Fathers, Daughters, and God

A friend of mine wanted to talk to me recently about a friend of his and his concern for her. He mentioned many twisted things this friend does and how she talks to her mother and her mother just doesn’t know how to handle it. I then heard this friend mention that this friend’s father was in jail and had been arrested for abusing the mother. Ah! The light is shed!

I’ve written much about masculinity and the need for men to be good fathers to their sons. I fully believe that. We need men to embody masculinity. Let’s be clear on the other side of the coin though. We need men to be good fathers to their daughters as well for a father needs to show his daughter what masculinity is like, not to emulate it, but because if she plans to marry, he needs to show her the kind of man she needs to marry, but in any relationship with men she’ll have be it friendly or business, he needs to show her what a real man is like and not a fake man.

As for mothers, they need to be good mothers to their sons. In the same way, mothers need to be good representatives of femininity to the young men they raise. Not so that the men will emulate this, but so that they will have a good idea of what they are to look for when they go out to marry. If they don’t marry, it will help them to recognize real women they meet from fake women at least.

Ideally, that is what is supposed to happen. With so many broken homes today, it sadly doesn’t.

This is about daugthers though.

The view that a child will most often push on God sadly is the view they get of their earthly father. I think about this girl and think that what she saw that was supposed to represent God for her was an abuser who walked all over anyone he could, including his wife. I fear a girl like this grows up not only hating God but hating men.

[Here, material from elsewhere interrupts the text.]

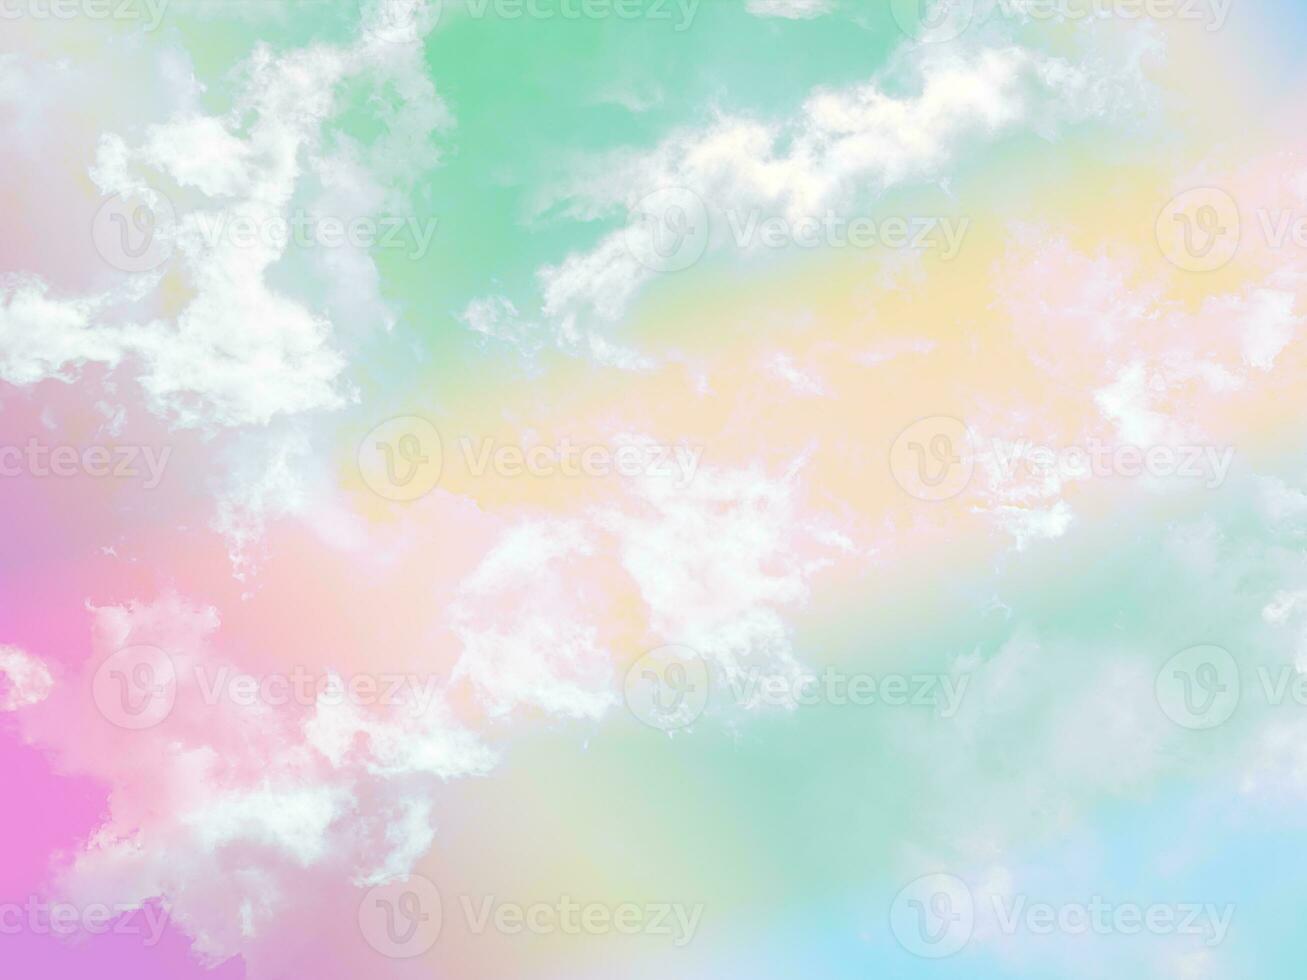 beleza doce pastel verde amarelo colorido com nuvens fofas no céu. imagem multicolorida do arco-íris. luz de crescimento de fantasia abstrata foto

Sadly, I think this girl hates her own femininity as well. Why? Because she’s seen her mother as an example as being beat down relentlessly. The idea of femininity then becomes one that lets itself be downtrodden and used and made weak. It is a doormat example of femininity. I do believe biblically women are to be submissive to their husbands. They are NOT to be doormats though. Men. Your wife is the one you are to walk through the door, not the one you are to walk on to get in the door.

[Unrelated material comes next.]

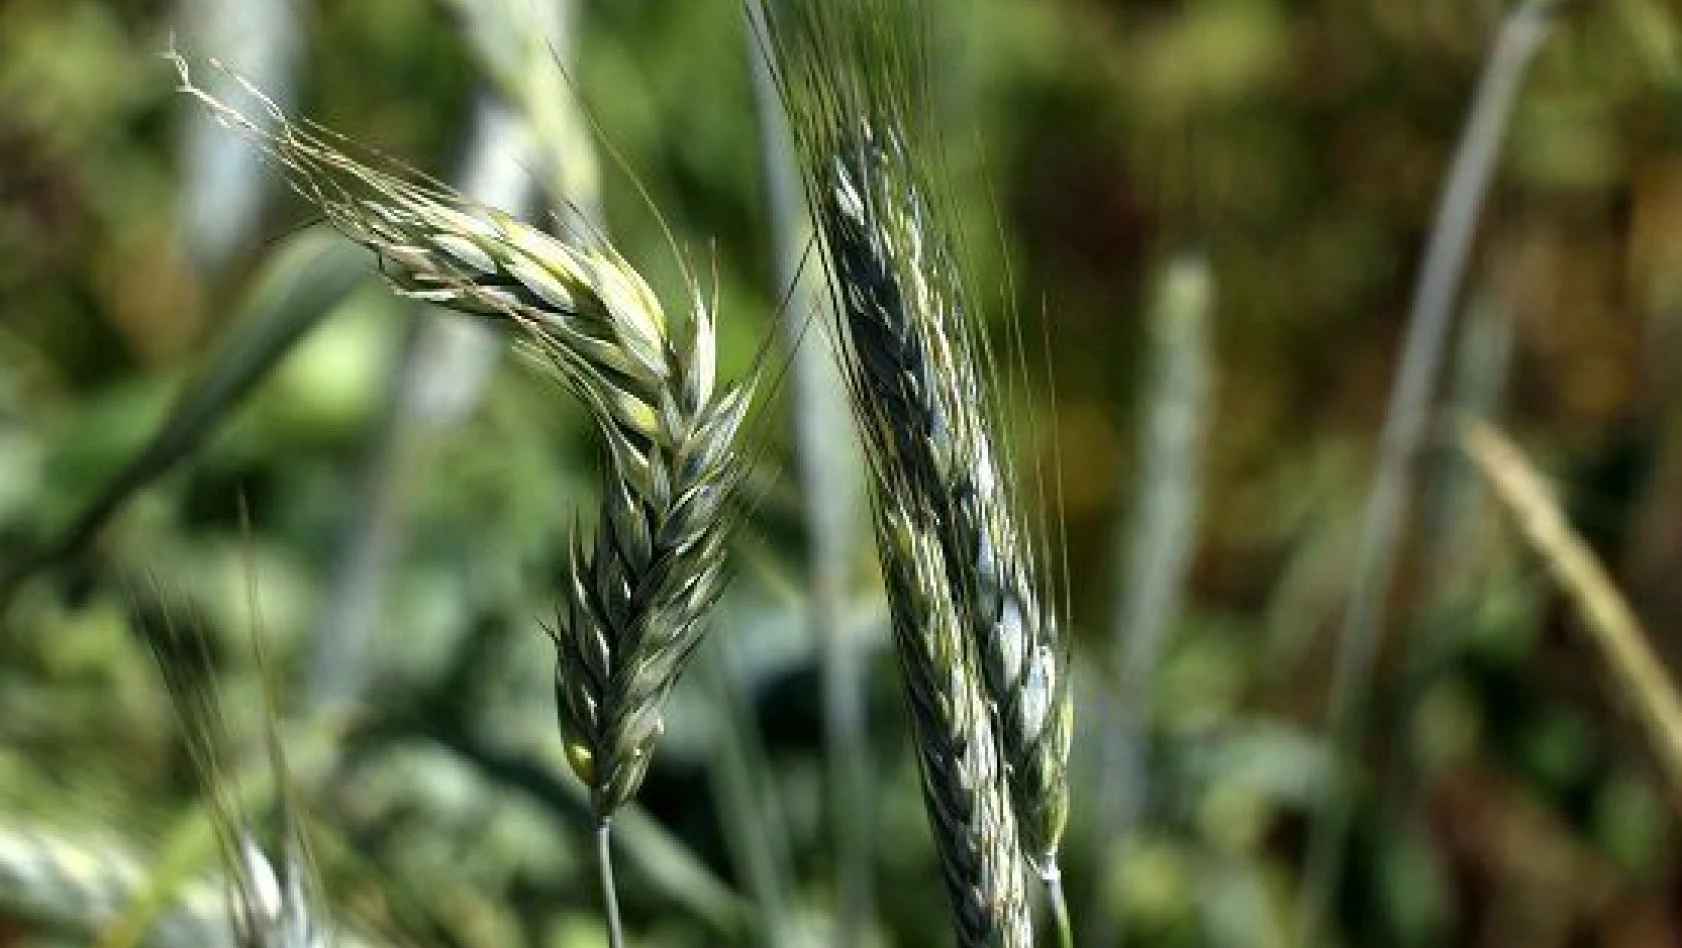 Türk tohumları 80 ülkenin tarım arazilerinde filizleniyor

And that means this girl is going to grow up in a universe that seems absurd and meaningless. God is out of the point because obviously a good God would not let Mom be abused by Dad all these years! (Naturally, I’m not of that opinion, but I am speaking from the way I believe this girl is experiencing reality.) There is only one goal to live for then. That is the satisfaction of one’s desires. This can come in many ways. Power, money, sex, etc.

The first thing I would recommend for this girl is a good father she can love and that is what is so important. We men often want sons, but if a daughter comes along, she needs you just as much. You need to be a man and remember, you need to be the man that when she goes off to find a husband, she says “I want a man like Dad.” When she finds God also, she needs to say “Wow. Dad really did reflect God well.”